The introduction of NIM represents a pivotal advancement in generative AI deployment, forming the backbone of Nvidia's next-generation inference strategy, which will impact nearly every model developer and data platform in the industry. Nvidia has collaborated with major software vendors, including SAP, Adobe, Cadence, and CrowdStrike, as well as various data platform providers such as BOX, Databricks, and Snowflake to support NIM.
NIM is part of the NVIDIA Enterprise AI software suite, which is being released as version 5.0 today at GTC.

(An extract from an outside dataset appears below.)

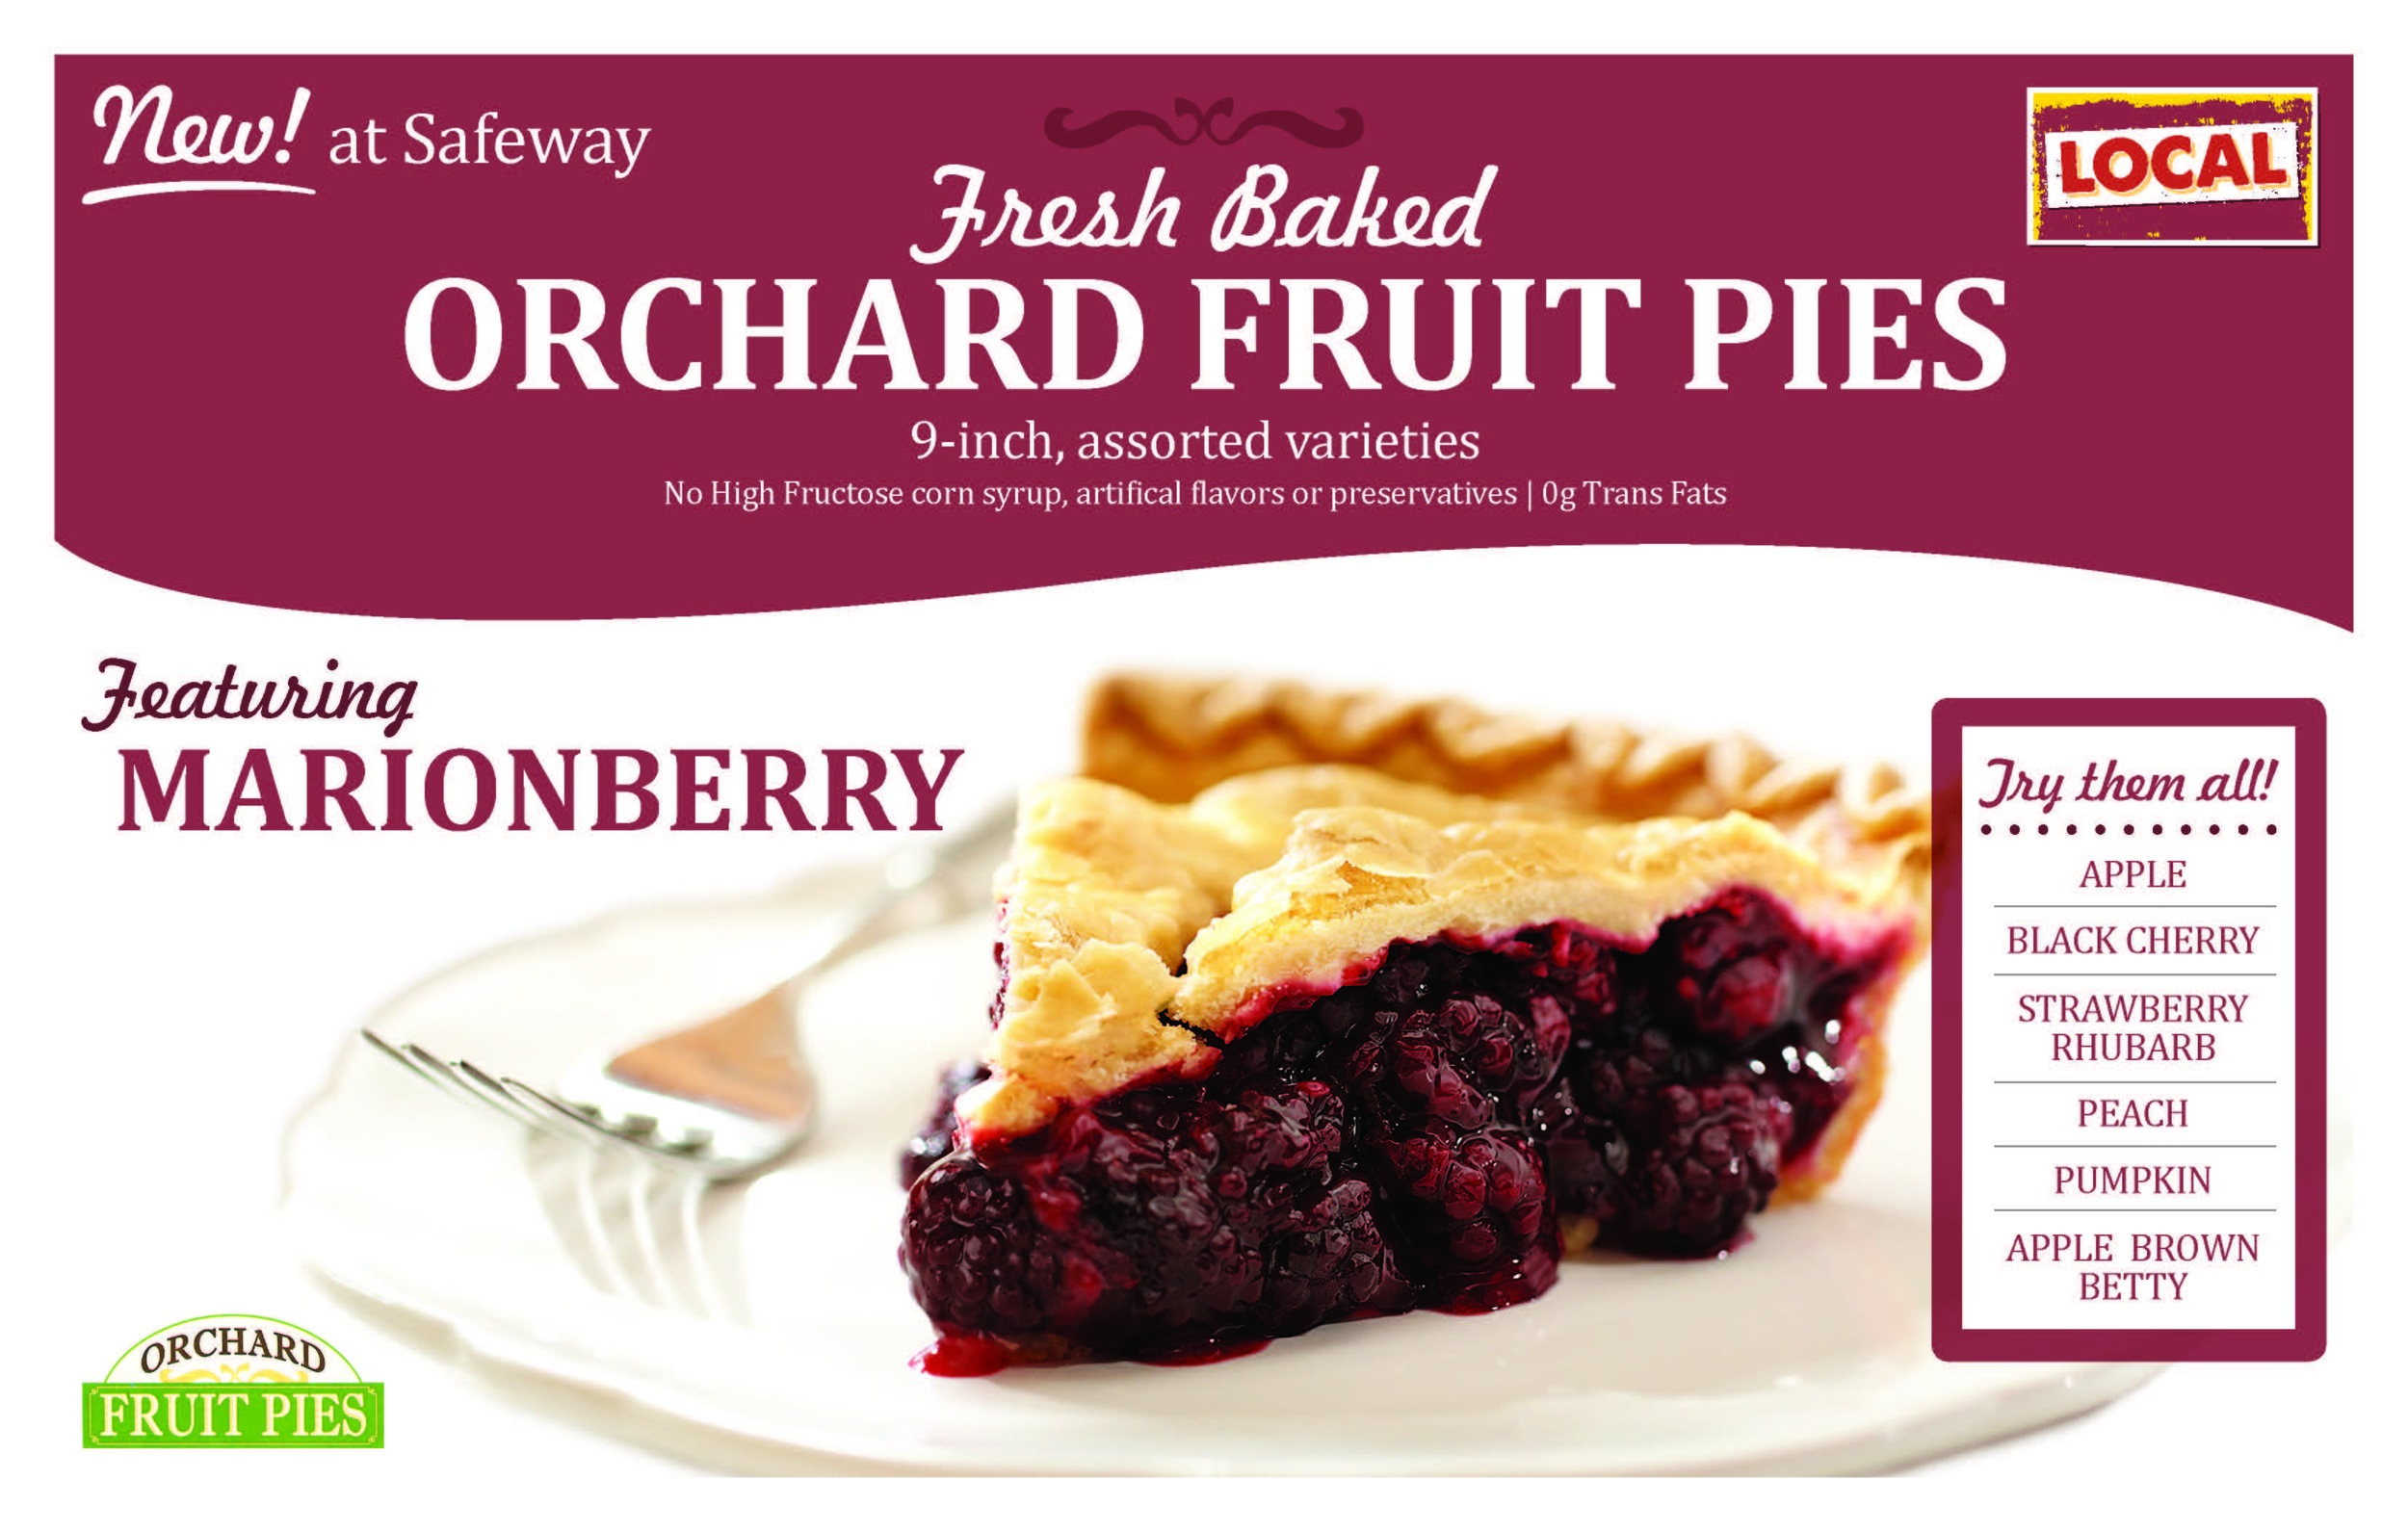 OrchardFresh_Pies_SWY_11x7.jpg

“Nvidia NIM is the premier software package and runtime for developers, allowing them to focus on enterprise applications,” stated Manuvir Das, VP of Enterprise Computing at Nvidia.
What is Nvidia NIM?
At its core, NIM is a container filled with microservices. This container can host various models—from open to proprietary—that can operate on any Nvidia GPU, whether in the cloud or on a local machine. NIM can be deployed wherever container technologies are supported, including Kubernetes in the cloud, Linux servers, or serverless Function-as-a-Service models. Nvidia plans to offer the serverless function approach on its new ai.nvidia.com website, enabling developers to start working with NIM before deployment.
Importantly, NIM does not replace existing Nvidia model delivery methods. Instead, it provides a highly optimized model for Nvidia GPUs along with essential technologies for enhancing inference.
During the press briefing, Kari Briski, VP of Generative AI Software Product Management, reaffirmed Nvidia's commitment as a platform company. She highlighted that tools supporting inference, like TensorRT and Triton Inference Server, remain vital.
“Bringing these components together for a production environment to run generative AI at scale requires significant expertise, which is why we’ve packaged them together,” Briski explained.
NIMs to Enhance RAG Capabilities for Enterprises
A key application for NIMs lies in facilitating RAG deployment models.
“Nearly every client we've engaged with has implemented numerous RAGs,” Das noted. “The challenge is transitioning from prototyping to delivering tangible business value in production.”
Nvidia, along with leading data vendors, anticipates that NIMs will provide a viable solution. Vector database capabilities are crucial for enabling RAG, and several vendors—including Apache Lucene, Datastax, and Milvus—are integrating support for NIMs.
The RAG approach will be further enhanced through the integration of NVIDIA NeMo Retriever microservices within NIM deployments. Announced in November 2023, NeMo Retriever is designed to optimize data retrieval for RAG applications.
“When you incorporate a retriever that is both accelerated and trained on high-quality datasets, the impact is significant,” Briski added.